(Stored items)

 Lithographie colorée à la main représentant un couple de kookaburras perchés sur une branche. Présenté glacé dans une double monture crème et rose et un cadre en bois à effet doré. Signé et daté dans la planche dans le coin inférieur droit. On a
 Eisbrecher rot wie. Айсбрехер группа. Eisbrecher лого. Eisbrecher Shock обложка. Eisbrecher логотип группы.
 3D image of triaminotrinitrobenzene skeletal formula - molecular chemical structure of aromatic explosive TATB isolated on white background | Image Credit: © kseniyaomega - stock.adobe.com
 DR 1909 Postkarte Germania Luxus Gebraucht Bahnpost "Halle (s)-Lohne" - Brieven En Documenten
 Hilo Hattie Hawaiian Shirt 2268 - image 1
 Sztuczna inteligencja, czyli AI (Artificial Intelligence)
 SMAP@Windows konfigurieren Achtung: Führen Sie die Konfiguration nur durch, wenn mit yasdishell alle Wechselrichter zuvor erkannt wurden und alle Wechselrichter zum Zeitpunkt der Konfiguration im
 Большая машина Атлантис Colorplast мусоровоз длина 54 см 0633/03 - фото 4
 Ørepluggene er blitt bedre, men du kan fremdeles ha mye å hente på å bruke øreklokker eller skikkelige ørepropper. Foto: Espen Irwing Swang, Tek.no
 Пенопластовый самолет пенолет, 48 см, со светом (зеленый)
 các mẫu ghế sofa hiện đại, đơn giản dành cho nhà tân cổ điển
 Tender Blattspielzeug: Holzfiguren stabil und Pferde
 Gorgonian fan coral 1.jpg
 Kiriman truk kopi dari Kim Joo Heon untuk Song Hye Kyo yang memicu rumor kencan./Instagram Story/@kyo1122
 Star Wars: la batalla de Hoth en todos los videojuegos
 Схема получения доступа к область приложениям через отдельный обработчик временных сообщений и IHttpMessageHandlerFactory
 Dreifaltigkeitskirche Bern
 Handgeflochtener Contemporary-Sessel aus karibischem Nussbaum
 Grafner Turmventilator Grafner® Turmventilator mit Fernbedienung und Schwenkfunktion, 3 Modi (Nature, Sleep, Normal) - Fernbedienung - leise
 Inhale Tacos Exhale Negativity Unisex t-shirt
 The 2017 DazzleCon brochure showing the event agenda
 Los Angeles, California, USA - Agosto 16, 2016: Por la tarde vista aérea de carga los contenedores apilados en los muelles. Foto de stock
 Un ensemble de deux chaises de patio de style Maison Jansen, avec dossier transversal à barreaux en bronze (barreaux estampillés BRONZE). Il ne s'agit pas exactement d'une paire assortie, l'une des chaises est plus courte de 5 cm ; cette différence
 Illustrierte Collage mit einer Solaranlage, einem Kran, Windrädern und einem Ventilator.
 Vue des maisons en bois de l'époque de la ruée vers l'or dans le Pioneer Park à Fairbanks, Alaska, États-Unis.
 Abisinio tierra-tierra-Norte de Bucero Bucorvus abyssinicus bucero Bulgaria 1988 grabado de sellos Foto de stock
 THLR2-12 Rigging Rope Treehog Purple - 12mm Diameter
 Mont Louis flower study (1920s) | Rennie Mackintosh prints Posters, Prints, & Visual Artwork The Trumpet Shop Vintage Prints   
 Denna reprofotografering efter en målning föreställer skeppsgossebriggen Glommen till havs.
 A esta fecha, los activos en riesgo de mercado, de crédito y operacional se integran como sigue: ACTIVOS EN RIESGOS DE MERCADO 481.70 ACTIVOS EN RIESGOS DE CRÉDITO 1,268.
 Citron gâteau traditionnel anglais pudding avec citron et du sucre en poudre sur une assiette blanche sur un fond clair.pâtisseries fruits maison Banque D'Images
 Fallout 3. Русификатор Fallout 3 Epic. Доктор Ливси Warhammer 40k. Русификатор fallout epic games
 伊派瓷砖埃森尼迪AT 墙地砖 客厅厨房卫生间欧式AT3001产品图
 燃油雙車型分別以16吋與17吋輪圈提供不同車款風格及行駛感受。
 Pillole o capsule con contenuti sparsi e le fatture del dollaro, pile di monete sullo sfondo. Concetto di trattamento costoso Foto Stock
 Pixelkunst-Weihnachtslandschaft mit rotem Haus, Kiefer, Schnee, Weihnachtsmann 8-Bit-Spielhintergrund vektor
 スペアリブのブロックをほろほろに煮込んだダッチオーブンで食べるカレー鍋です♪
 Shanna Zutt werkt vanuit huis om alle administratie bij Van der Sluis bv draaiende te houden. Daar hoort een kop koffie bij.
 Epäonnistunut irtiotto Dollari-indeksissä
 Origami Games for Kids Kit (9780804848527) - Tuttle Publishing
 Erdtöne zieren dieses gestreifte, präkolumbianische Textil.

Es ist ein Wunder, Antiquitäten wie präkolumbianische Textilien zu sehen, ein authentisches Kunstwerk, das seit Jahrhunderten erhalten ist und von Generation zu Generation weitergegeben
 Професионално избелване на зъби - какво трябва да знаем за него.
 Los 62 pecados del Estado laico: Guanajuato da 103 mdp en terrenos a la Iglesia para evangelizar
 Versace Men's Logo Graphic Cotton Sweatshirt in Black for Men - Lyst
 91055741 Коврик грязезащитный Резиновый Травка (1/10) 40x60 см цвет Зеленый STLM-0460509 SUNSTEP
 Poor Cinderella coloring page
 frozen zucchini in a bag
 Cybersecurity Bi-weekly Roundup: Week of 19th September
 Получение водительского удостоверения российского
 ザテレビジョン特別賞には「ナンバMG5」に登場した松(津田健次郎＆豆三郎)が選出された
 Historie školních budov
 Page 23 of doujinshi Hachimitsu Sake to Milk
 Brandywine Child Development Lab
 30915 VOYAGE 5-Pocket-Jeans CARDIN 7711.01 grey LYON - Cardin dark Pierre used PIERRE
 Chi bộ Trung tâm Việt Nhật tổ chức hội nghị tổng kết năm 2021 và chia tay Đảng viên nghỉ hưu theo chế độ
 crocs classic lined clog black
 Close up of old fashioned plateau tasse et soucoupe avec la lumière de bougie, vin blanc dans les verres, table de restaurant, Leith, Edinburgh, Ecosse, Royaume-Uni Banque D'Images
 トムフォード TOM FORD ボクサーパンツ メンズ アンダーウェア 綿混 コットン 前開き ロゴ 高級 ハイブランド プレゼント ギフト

Exercise objective — Check all the records above and select each line where the string "präkolumbianische" is found.

Answer to the exercise —
 Erdtöne zieren dieses gestreifte, präkolumbianische Textil.
Es ist ein Wunder, Antiquitäten wie präkolumbianische Textilien zu sehen, ein authentisches Kunstwerk, das seit Jahrhunderten erhalten ist und von Generation zu Generation weitergegeben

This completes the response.